На следующее утро, когда я к ней спустился, я сказал, мол, все как следует продумал, что, мол, ее можно понять, и я всесторонне это все рассмотрел и всякое такое, и что одну комнату наверху можно переделать, только на это понадобится неделя. Я думал, опять начнет дуться, но все прошло о'кейно.
– Только учтите, если это всего лишь новая отсрочка, я объявлю голодовку.
Завтра же начну этим заниматься, говорю. Но ведь понадобятся доски и специальные засовы. Их достать тоже не так просто, пару дней придется только на это потратить.
Она только взглянула, жестко так, ну а мне-то что, я взял ведро и пошел выносить.
После этого все шло нормально, исключая, что я все время должен был притворяться. Мы не так уж много разговаривали, но она мне больше не дерзила.
Раз вечером она заявила, что ей нужно принять ванну и заодно посмотреть на ту комнату и что уже сделано. Ну, я знал, что так случится, приготовил доски, все так устроил, чтоб выглядело, вроде я всерьез в этой спальне окном занимаюсь (оно выходило в сад). Она сказала, что ей хотелось бы поставить в этой комнате старое виндзорское кресло [23] (совсем как в прежние времена попросила меня о чем-то), ну, я на следующий день купил и принес к ней в подвал – показать. Она говорит, нет, сюда не нужно, его место там, наверху.

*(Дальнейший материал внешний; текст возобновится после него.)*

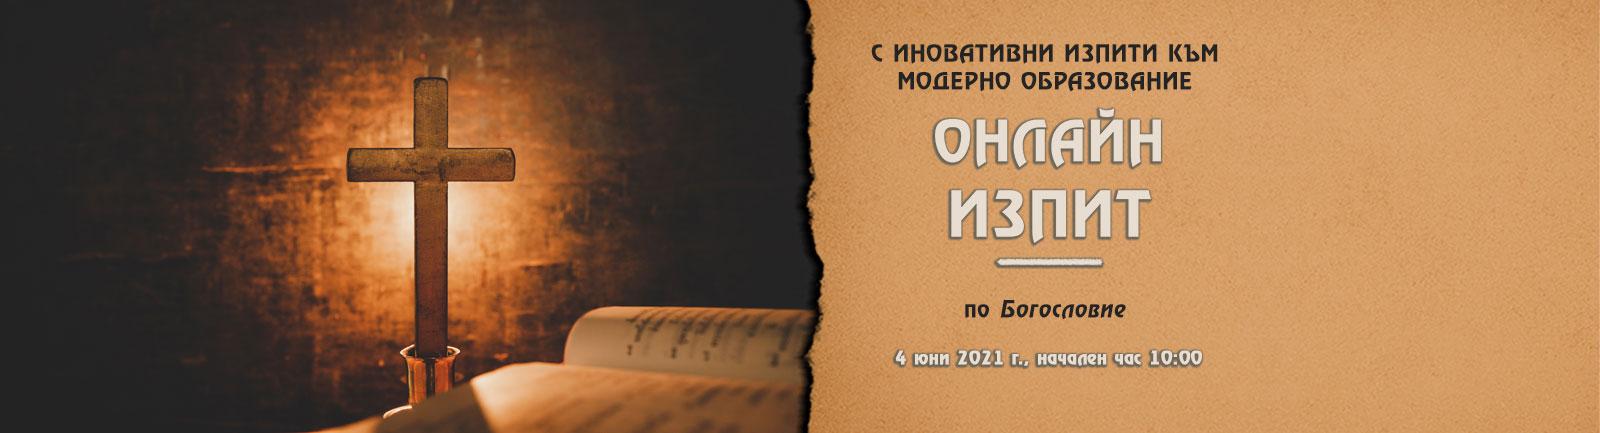 onlain-izpit-bogoslovie-04062021

И все эти вещи (в смысле обстановки), которые у нее в подвале стояли, ей наверху не нужны, их место здесь. После того, как она увидела ту комнату и дырки для винтов уже просверленные, она вроде поверила, что я такой дурак и разрешу ей перебраться наверх.
План был такой, что я спущусь за ней, отведу ее наверх, мы поужинаем, а потом она проведет свою первую за все это время ночь наверху и утром увидит дневной свет.

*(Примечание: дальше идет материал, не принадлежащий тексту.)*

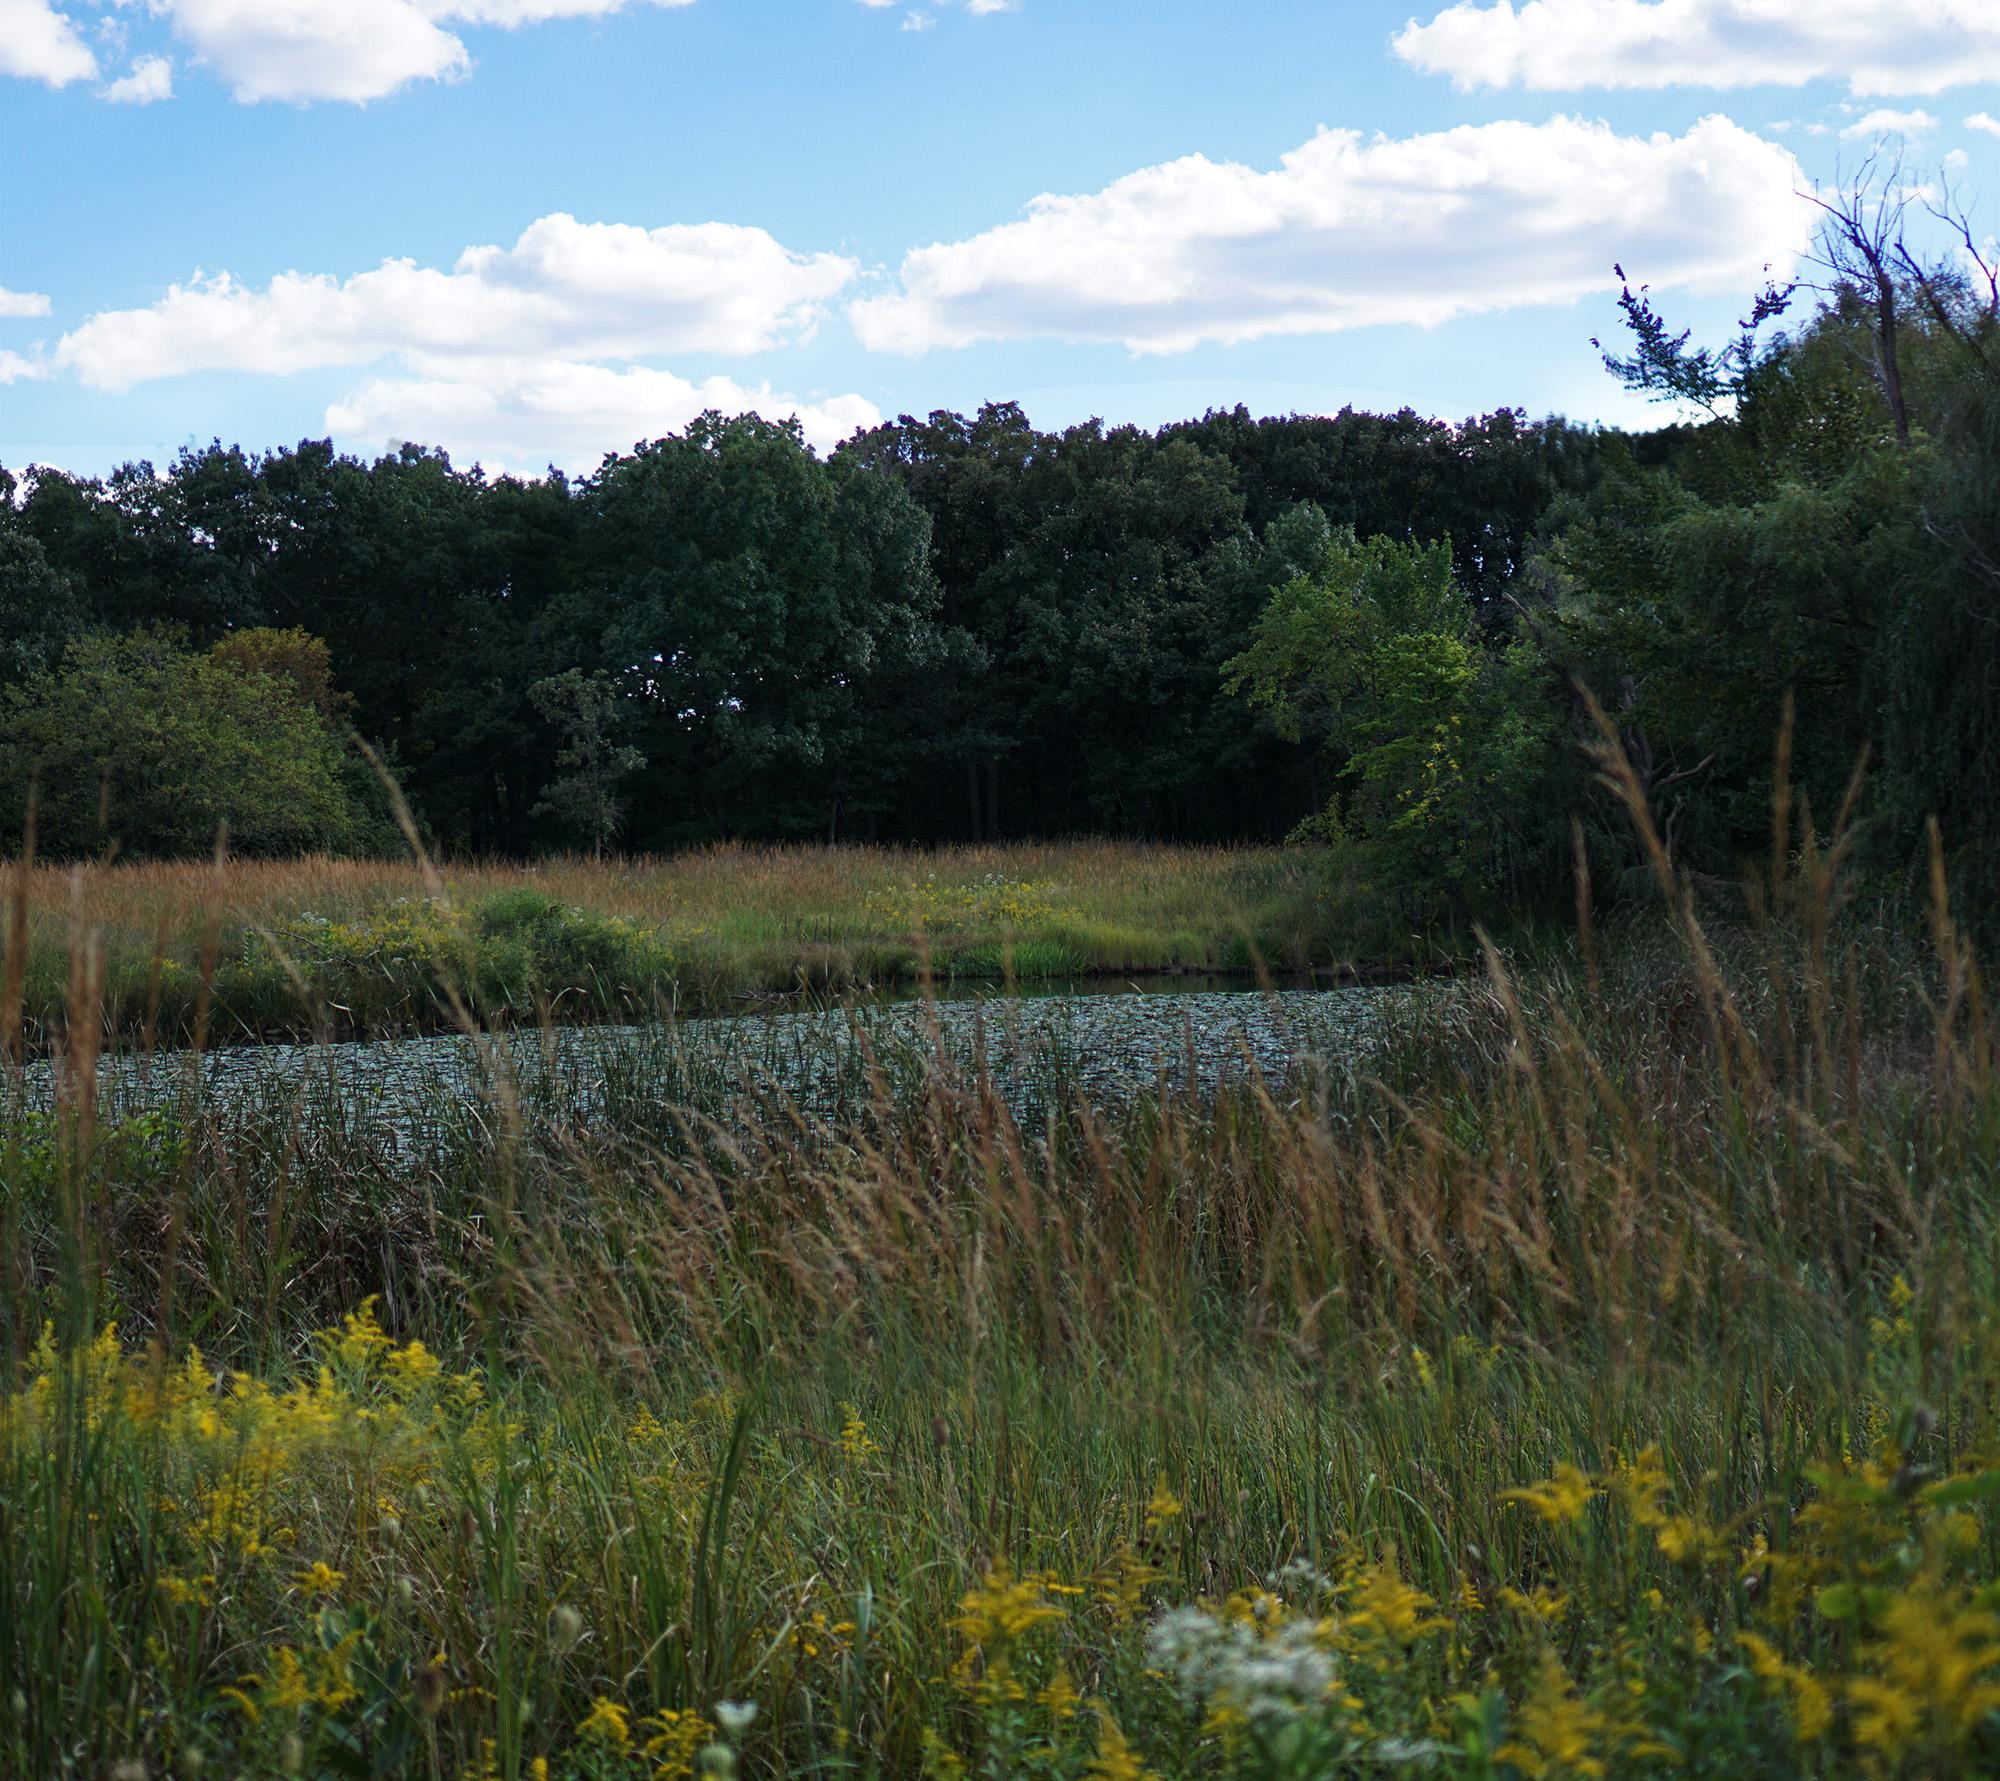 north-park-village-nature-center-1223

Иногда она даже бывала веселой, а мне было смешно, Ну, смеяться-то я смеялся, а только когда срок наступил, я ужасно разволновался.
Первое, что она заявила, когда я к ней пришел в шесть часов вечера, это что она заразилась от меня насморком, который я подцепил в парикмахерской в Луисе.
Но она была веселая, острила, распоряжалась и, конечно, торжествовала, смеялась надо мной исподтишка. Только ведь известно, хорошо смеется тот, кто смеется последний.
– Вот, я собрала вещички для сегодняшнего вечера. А все остальное вы сможете перенести завтра. Все уже готово?
Она уже спрашивала об этом за обедом, и я сказал «да».
Да, говорю, готово.
Note23
Виндзорское кресло – полированное деревянное, без обивки, с выгнутой, состоящей из узких планок спинкой и с прямыми подлокотниками.